On Tue, Dec 09, 2025 at 12:01:17PM +0100, Martin Wilck wrote:
> On Mon, 2025-12-08 at 14:30 -0500, Benjamin Marzinski wrote:
> > On Mon, Dec 08, 2025 at 01:27:32PM +0100, Martin Wilck wrote:
> > > On Thu, 2025-12-04 at 14:33 -0500, Benjamin Marzinski wrote:
> > > > On Wed, Dec 03, 2025 at 08:19:33AM -0800, Brian Bunker wrote:
> > > 
> > > > How about a simplifying the purge thread slightly. When the
> > > > checker
> > > > gets
> > > > a path it is supposed to purge, it sets purge_path, just like
> > > > now. I
> > > > don't think we need to track purge_retries at all. When the purge
> > > > loop
> > > > is triggered, it locks the vecs lock, and finds a single path to
> > > > purge,
> > > > like now. The only info it needs to save is the udev device (with
> > > > a
> > > > new
> > > > refcount taken like now) and a dup of pp->fd (You need this to
> > > > guarantee
> > > > that the devnode won't get reused if the device is deleted and a
> > > > new
> > > > one
> > > > is re-added). You could also save the name, but
> > > > udev_device_get_devnode() will get it for you.  Like I mentioned
> > > > above,
> > > > you need to have a pthread cleanup handler that gets run to clean
> > > > these
> > > > up if they are set and the thread is cancelled, just like how the
> > > > vecs
> > > > lock is handled. Then purgeloop() clears pp->purge_path, drops
> > > > the
> > > > vecs
> > > > lock, does the sysfs delete, and cleans up the purge_info by
> > > > calling
> > > > pthread_cleanup_pop(). Finally it loops back to reacquiring the
> > > > vecs
> > > > lock and finding the next path to delete. I don't really see a
> > > > value
> > > > in
> > > > all the stats tracking. If it goes through all the paths, and
> > > > doesn't
> > > > find one in need of purging, it waits, just like now.
> > > 
> > > I'd go one step further and suggest an approach similar to what we
> > > do
> > > in the uevent handler, for which we have a separate list of uevents
> > > that shares no data with the main multipath threads.
> > > 
> > > Roughly like this:
> > > 
> > > enum purge_state {
> > >     PURGE_REQUESTED = 1,
> > >     PURGE_DONE,
> > >     PURGE_ERROR
> > > };
> > > 
> > > struct path_to_purge {
> > >         struct list_head queue;
> > >   struct udev_device *udev; /* one ref taken while on the
> > > list
> > > */
> > >   int fd;                   /* dup of pp->fd */
> > >         enum purge_state state;
> > > };
> > > 
> > > // global list_head for the queue of paths to be purged.

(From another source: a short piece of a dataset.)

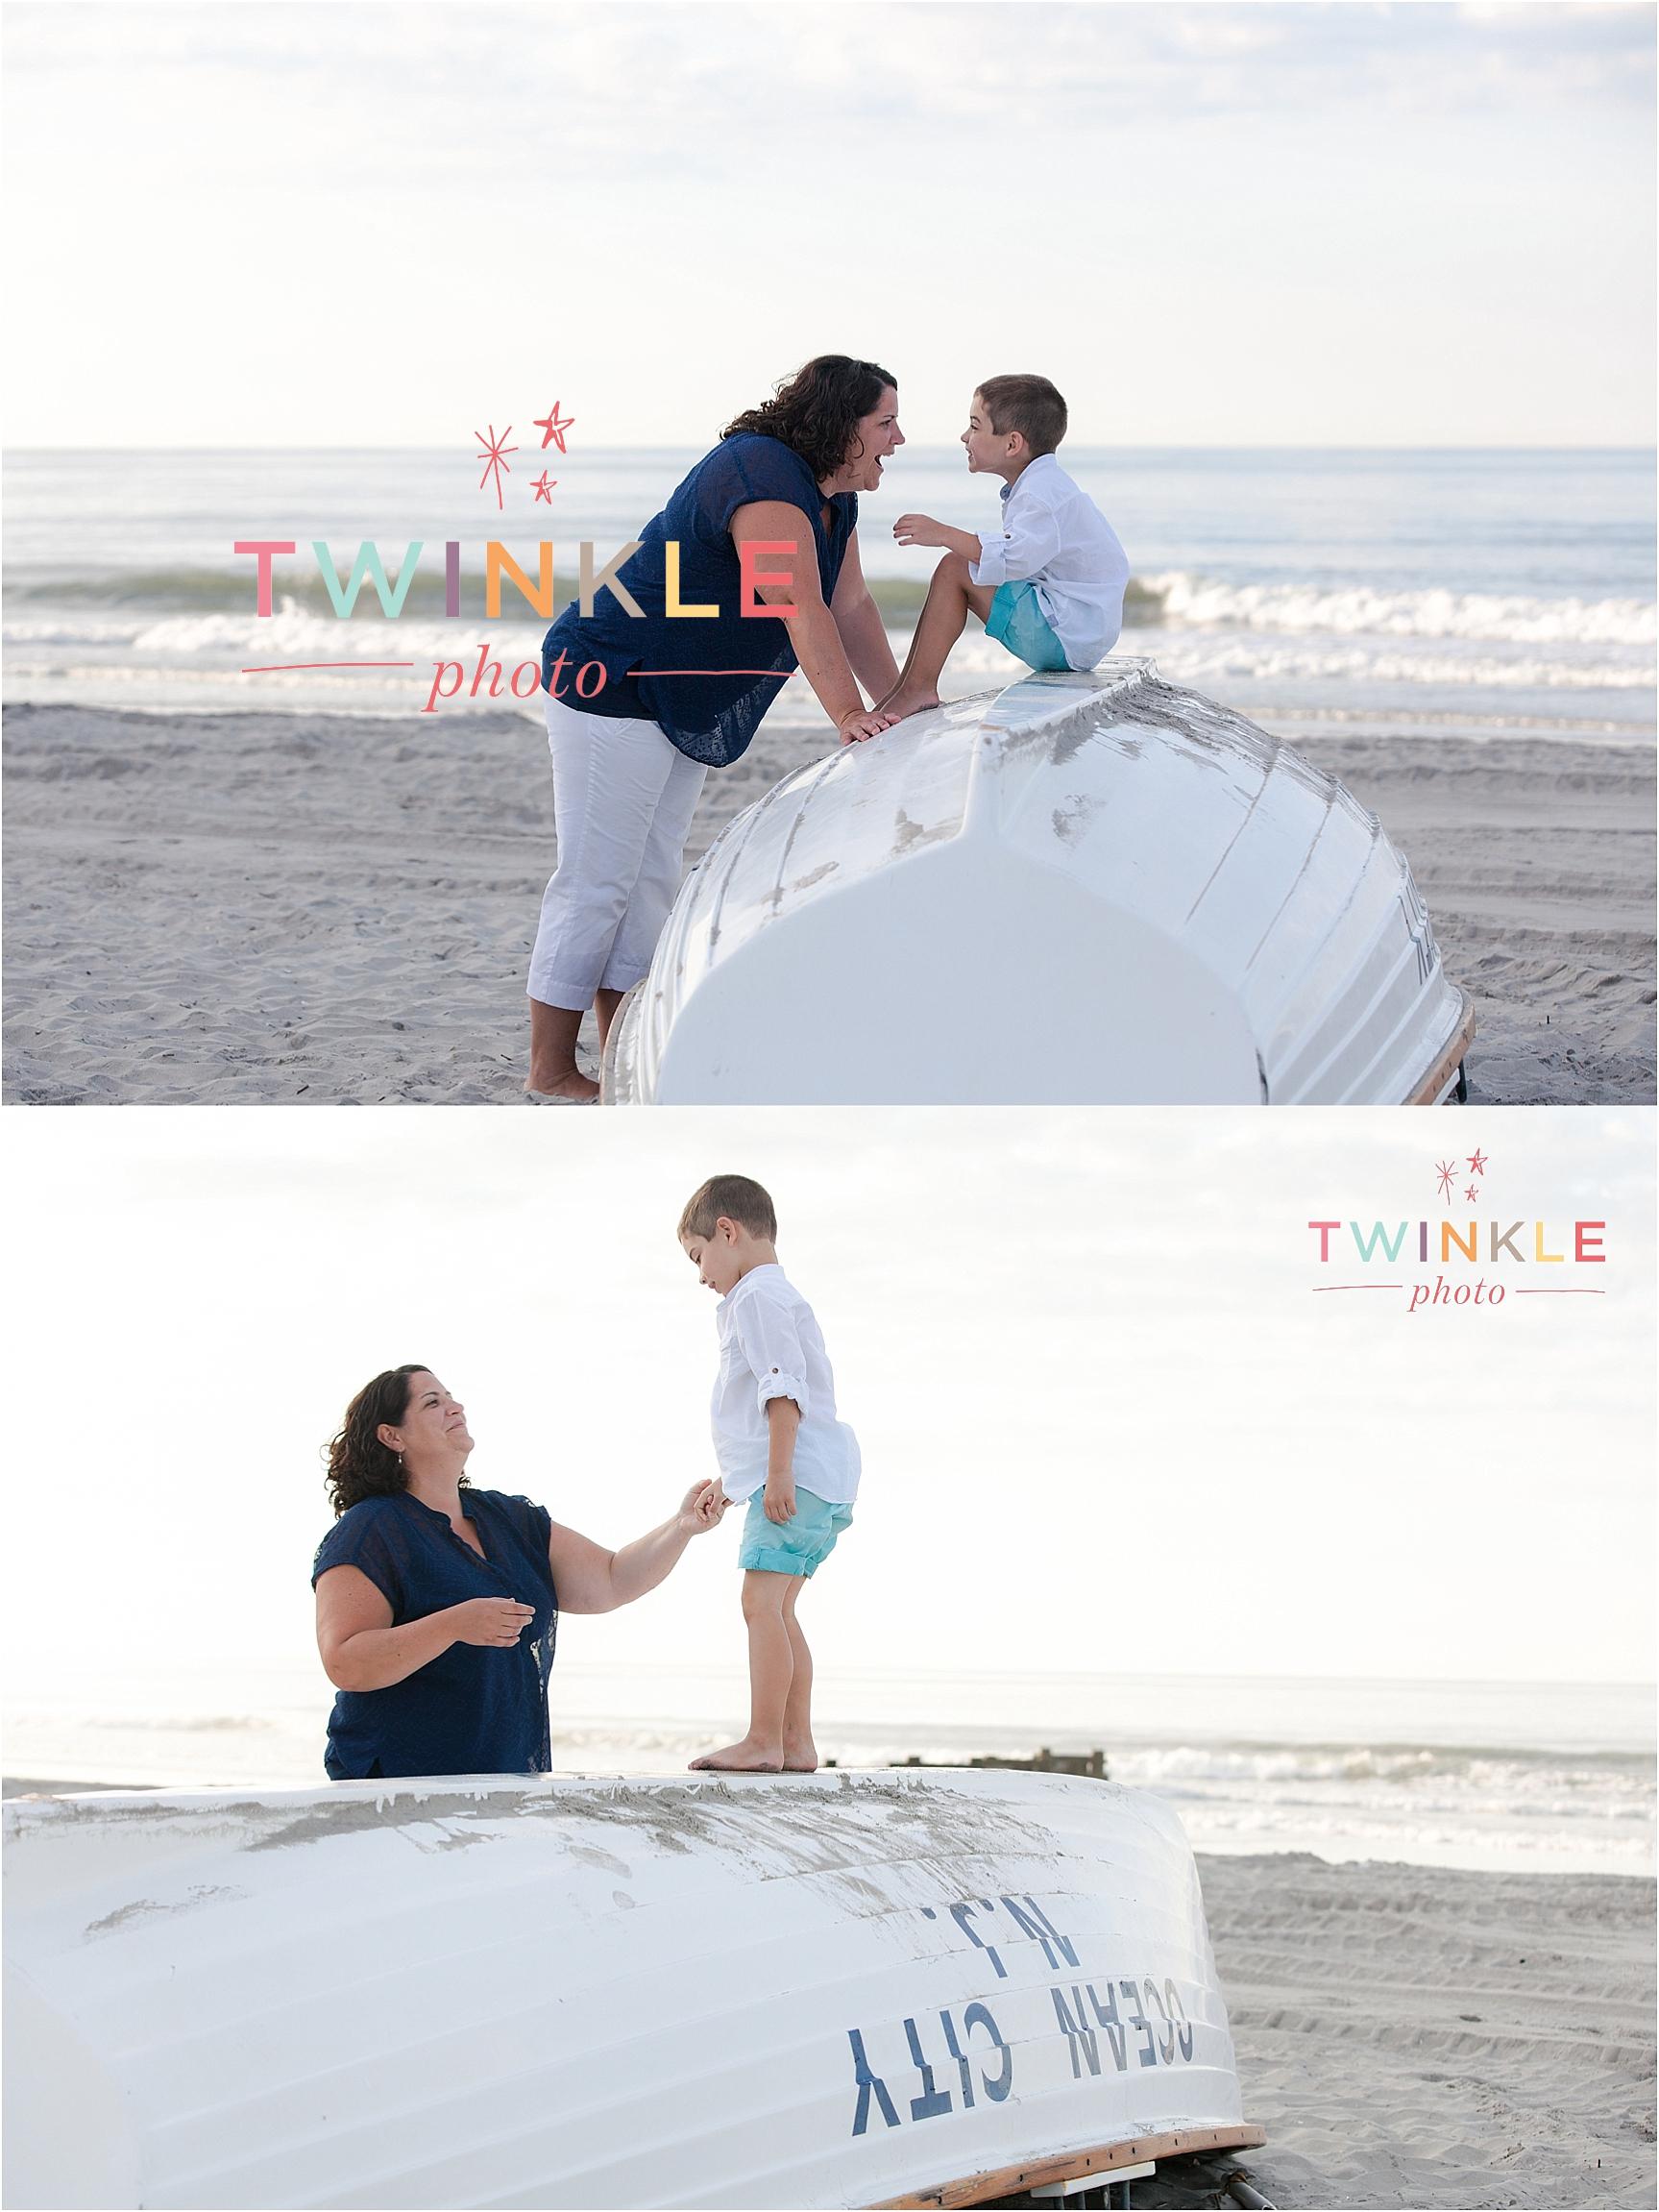 OCNJ Ocean City Beach Photography Family Portrait Photographer NJ New Jersey -07

> > > static LIST_HEAD(purge_queue);
> > > 
> > > If multipathd detects a path to purge in the checker thread, it
> > > allocates and adds a path_to_purge entry with state PURGE_REQUESTED
> > > to
> > > the queue and triggers the purge thread e.g. with a pthreads
> > > condition
> > > variable.
> > > 
> > > The purge thread then walks through the list (without modifying the
> > > list itself), sends a delete request to the kernel and atomically
> > > sets
> > > the state field to PURGE_DONE when successful.
> > > 
> > > multipathd's checker thread walks the list next time and removes
> > > entries that have state != PURGE_REQUESTED, closing the fd and
> > > unref-
> > > ing the struct udev. IOW the resource allocation/freeing for this
> > > list
> > > and its elements would be handled by the checker alone. The checker
> > > would not immediately drop internal references to the path; this
> > > would
> > > be handled by the remove uevent handler as usual.
> > > 
> > > The purge thread would never write to the list, except to the state
> > > attribute of list members (which we could protect from being freed
> > > via
> > > RCU).
> > > 
> > > This would make the purge thread almost an independent process.
> > 
> > I'm a little confused about this design. Lets say a path gets removed
> > while on this list. If the purgeloop doesn't modify the list, then
> > how
> > does the remove function know that it's safe to remove the item.
> > The
> > purgeloop could be in the process notifying sysfs right now, making
> > use
> > of the udev device.
> 
> My thinking was that we'd not free the items as long as the state is
> PURGE_REQUESTED, and the purge thread wouldn't set that state until
> it's done with the item. That should be safe during normal operations.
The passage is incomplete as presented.